**INSTRUCTIONS TO FOLLOW:** Images excepted, the data below must be repeated exactly.

**COLLECTED DATA:**

-- Opening Marker --

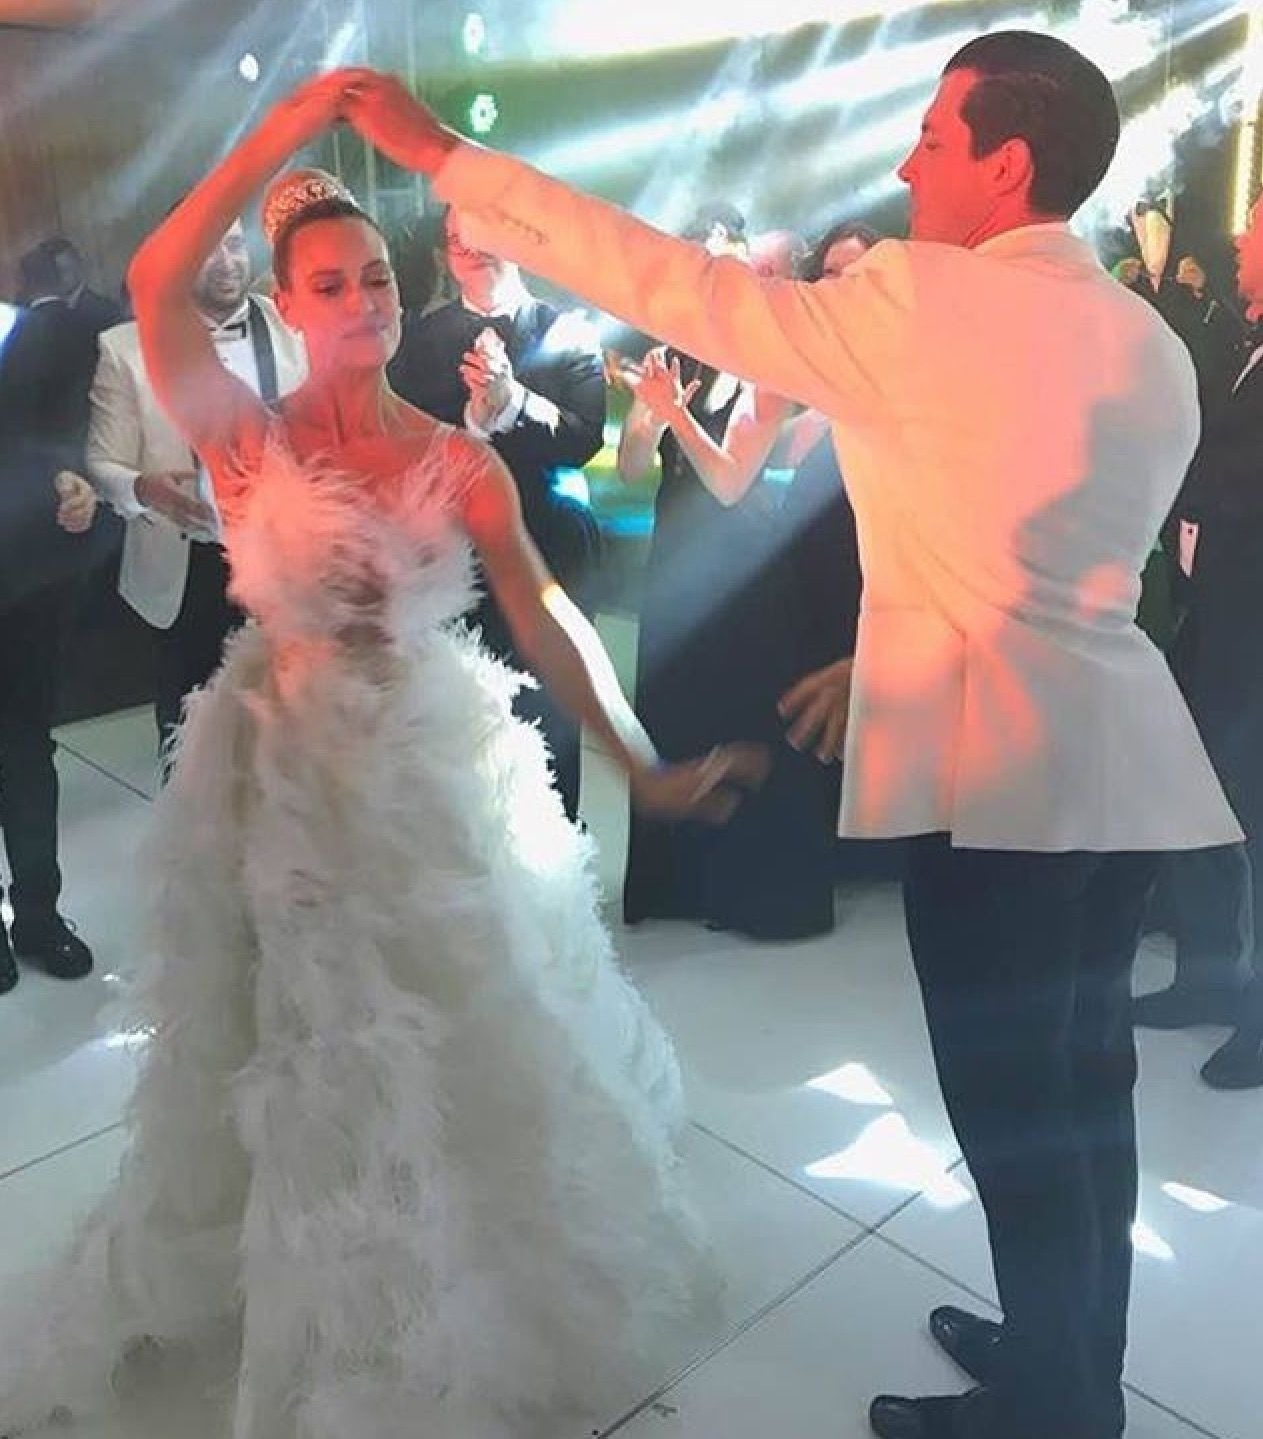 Ginger zee wedding dress  Pin by mary tull on maks and peta  Pinterest  PETA
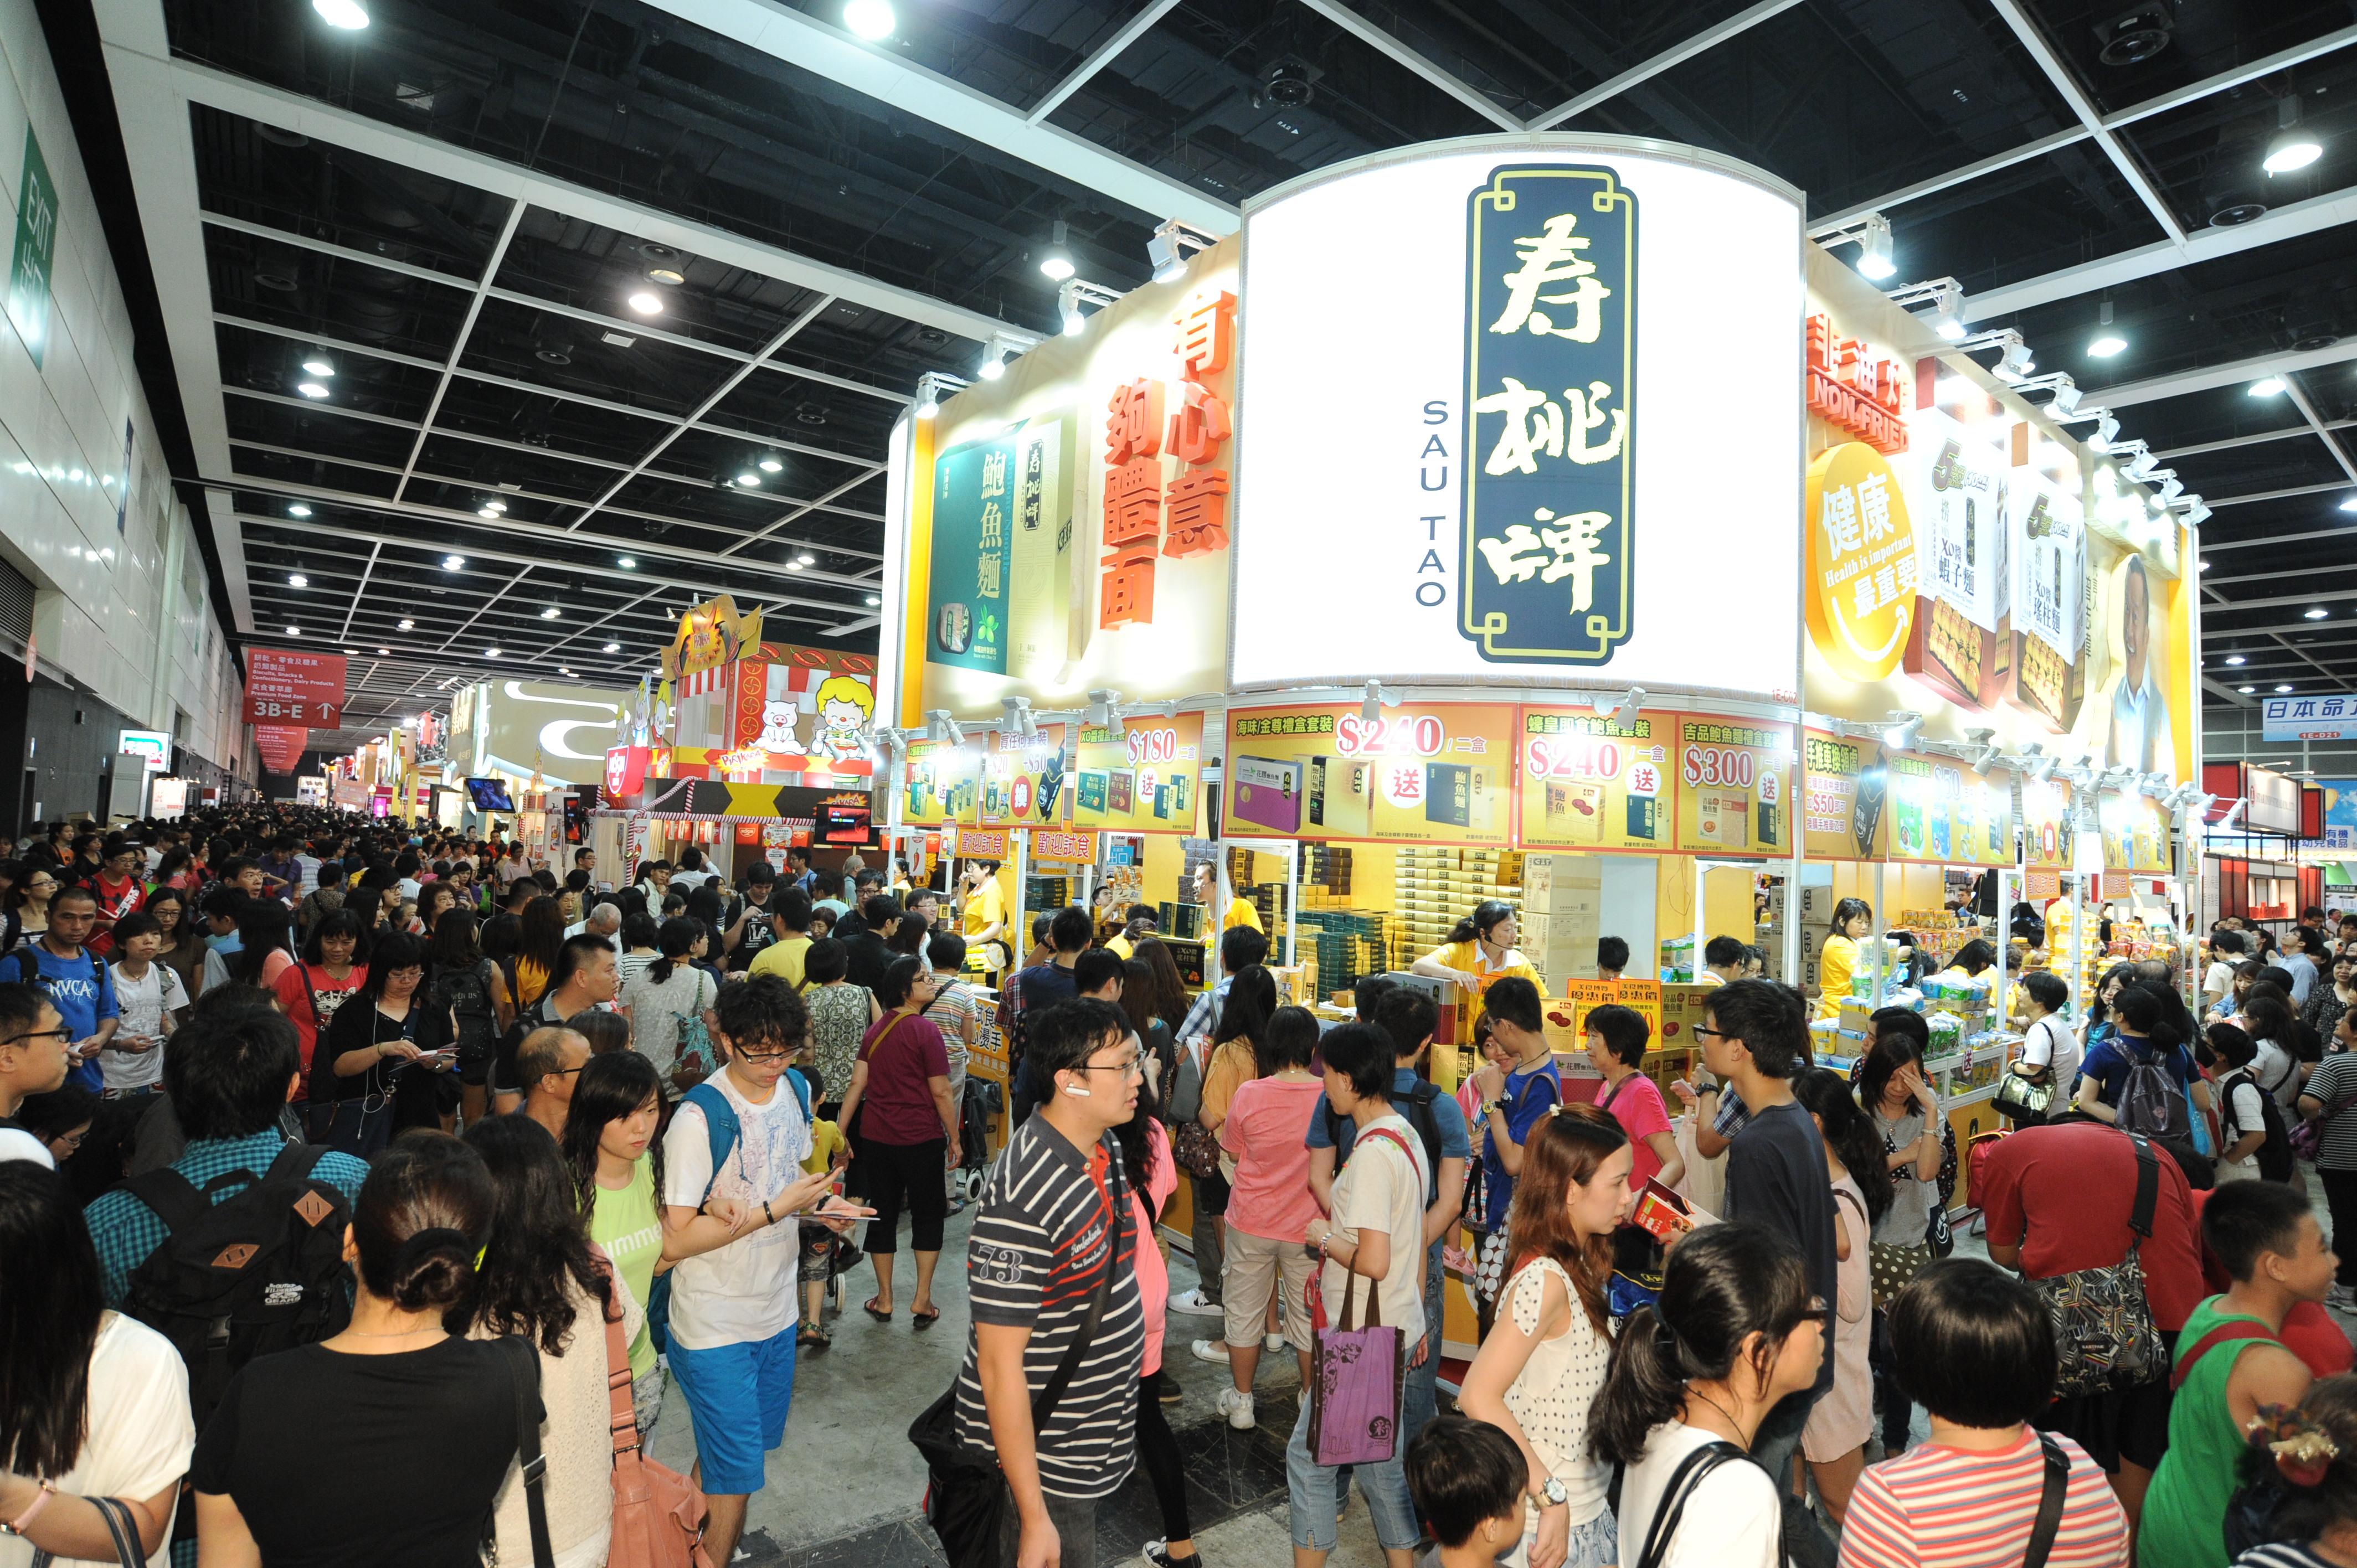 Hktdccom More Than 410000 Public Visitors Enjoy Food Expo Hktdc
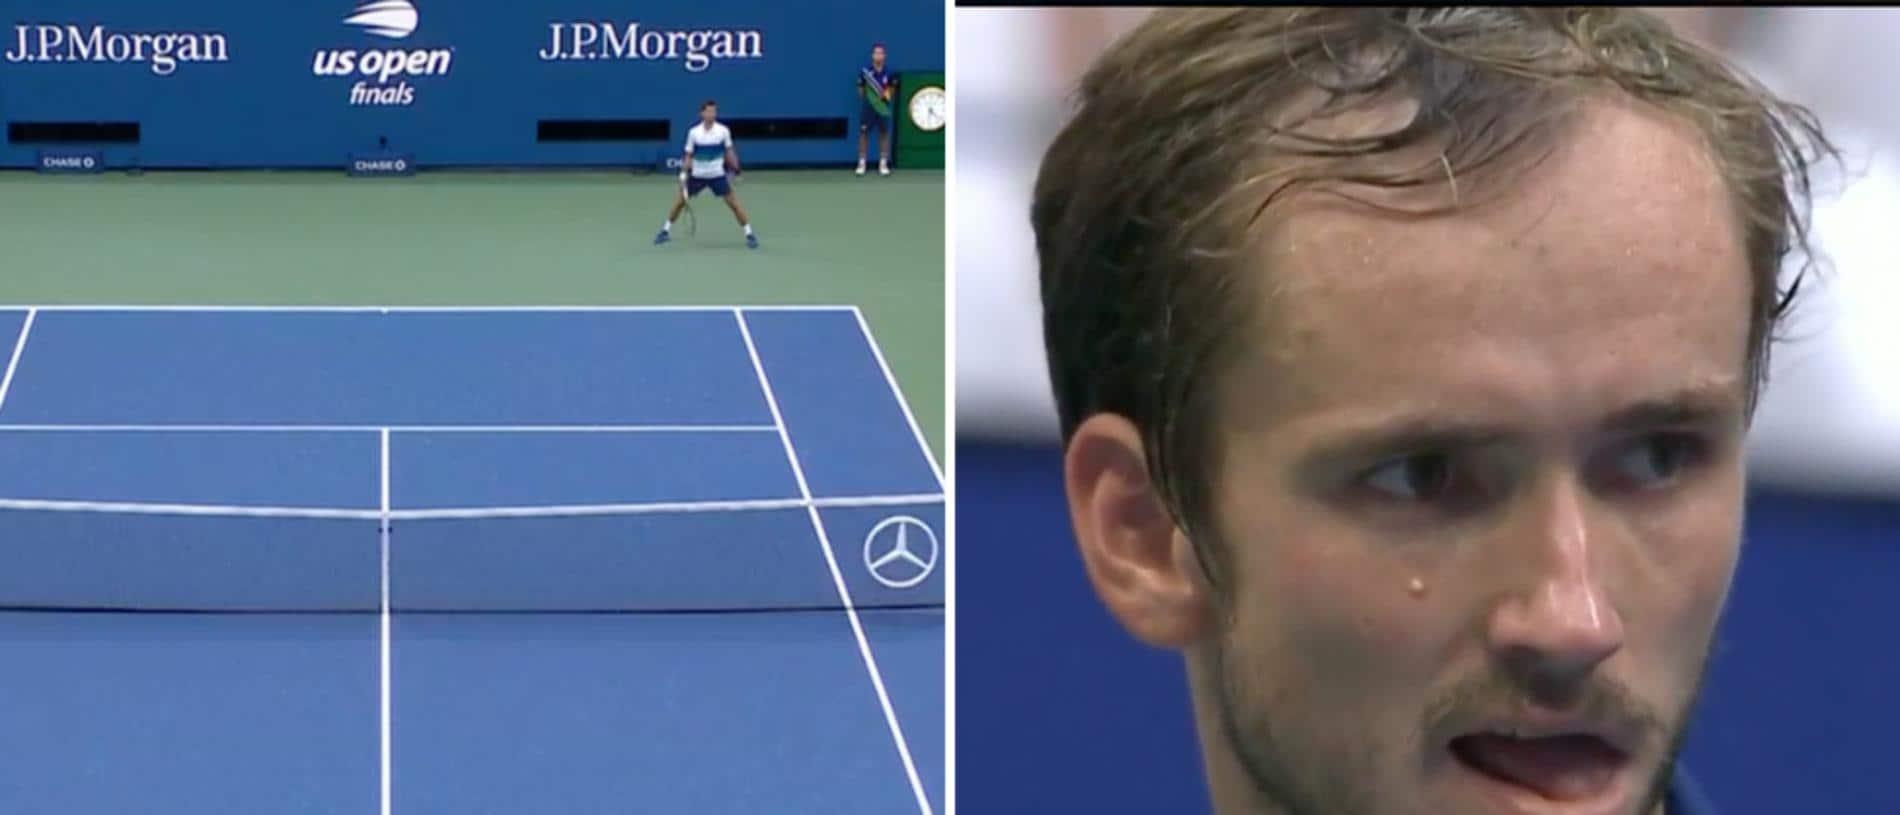 Daniil Medvedev is booed on match point.
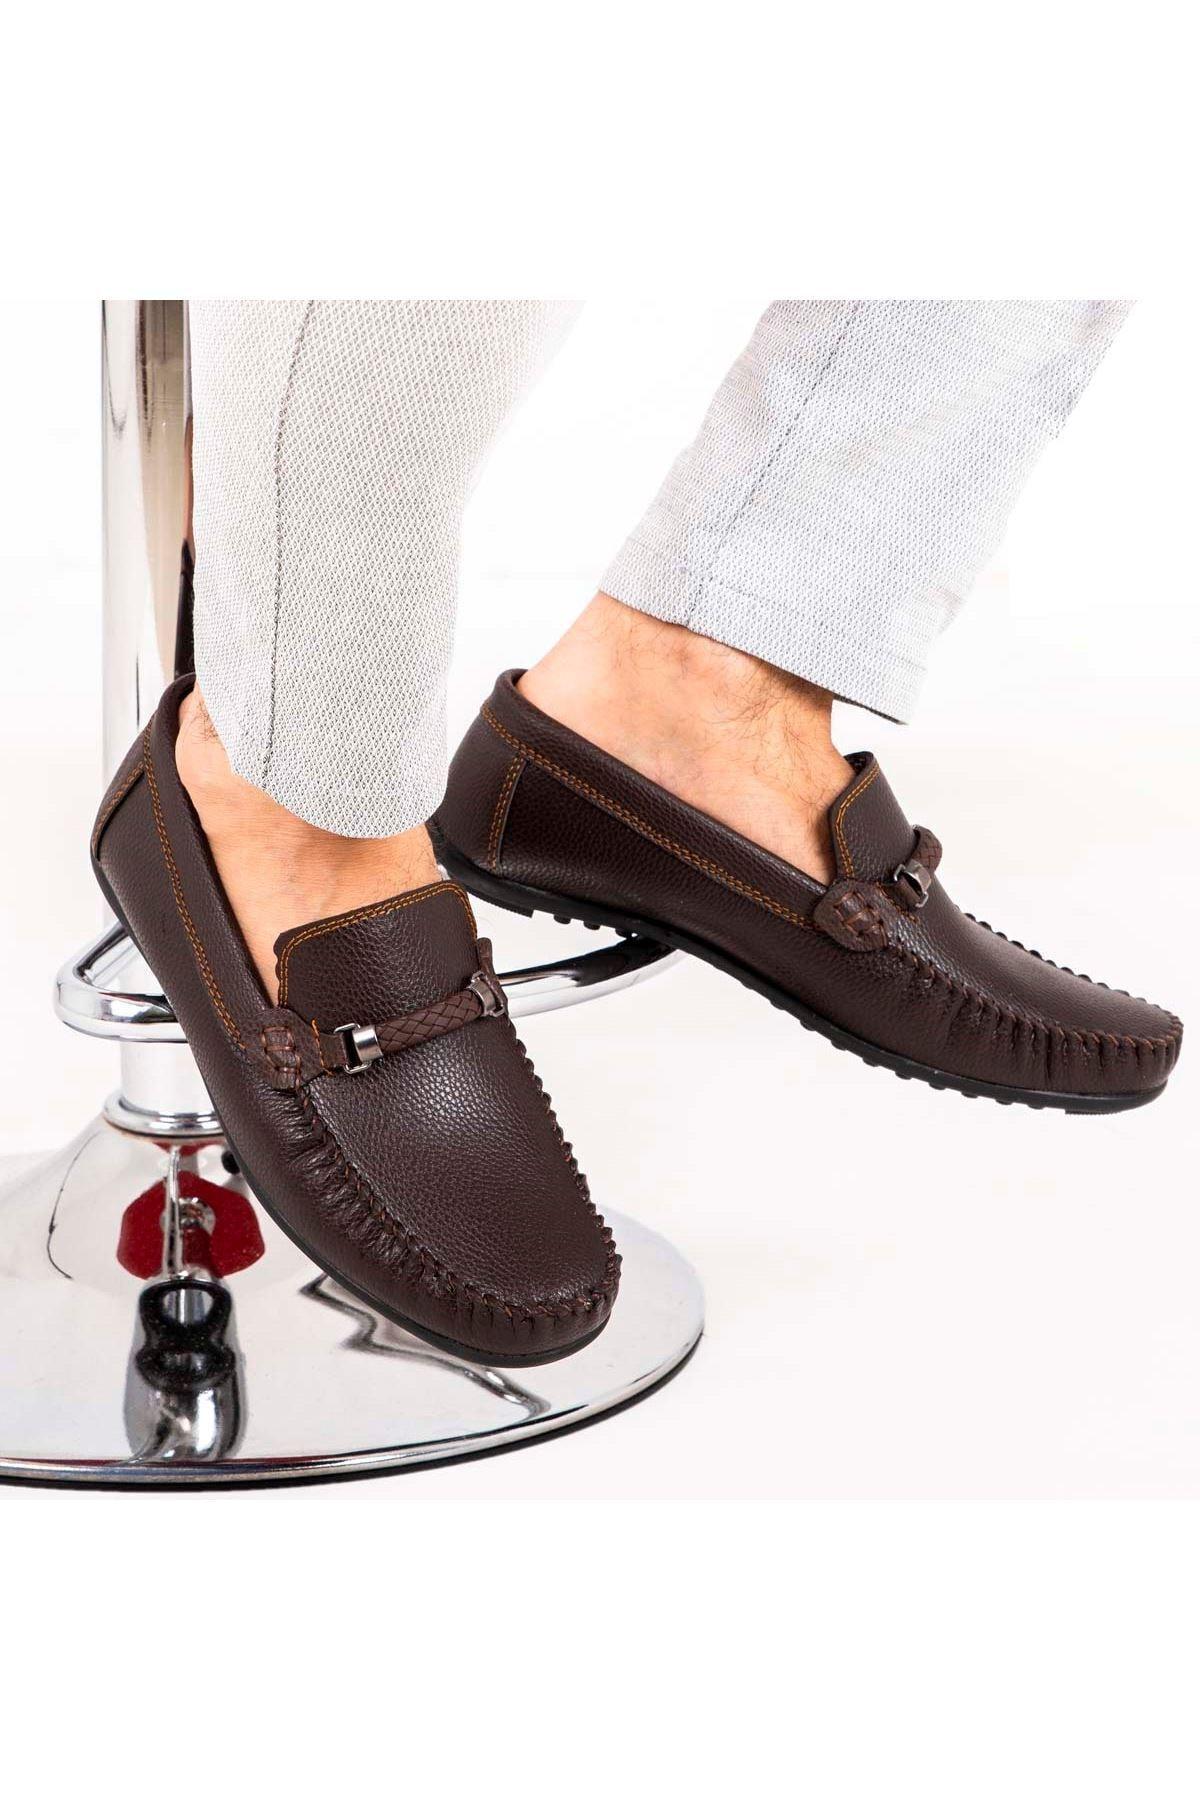 Ortopedik Loafer Erkek Ayakkabı Mln1102 Kahverengi

-- Closing Marker --

**ANSWER TO THIS TASK:**
 Ginger zee wedding dress  Pin by mary tull on maks and peta  Pinterest  PETA
 Hktdccom More Than 410000 Public Visitors Enjoy Food Expo Hktdc
 Daniil Medvedev is booed on match point.
 Ortopedik Loafer Erkek Ayakkabı Mln1102 Kahverengi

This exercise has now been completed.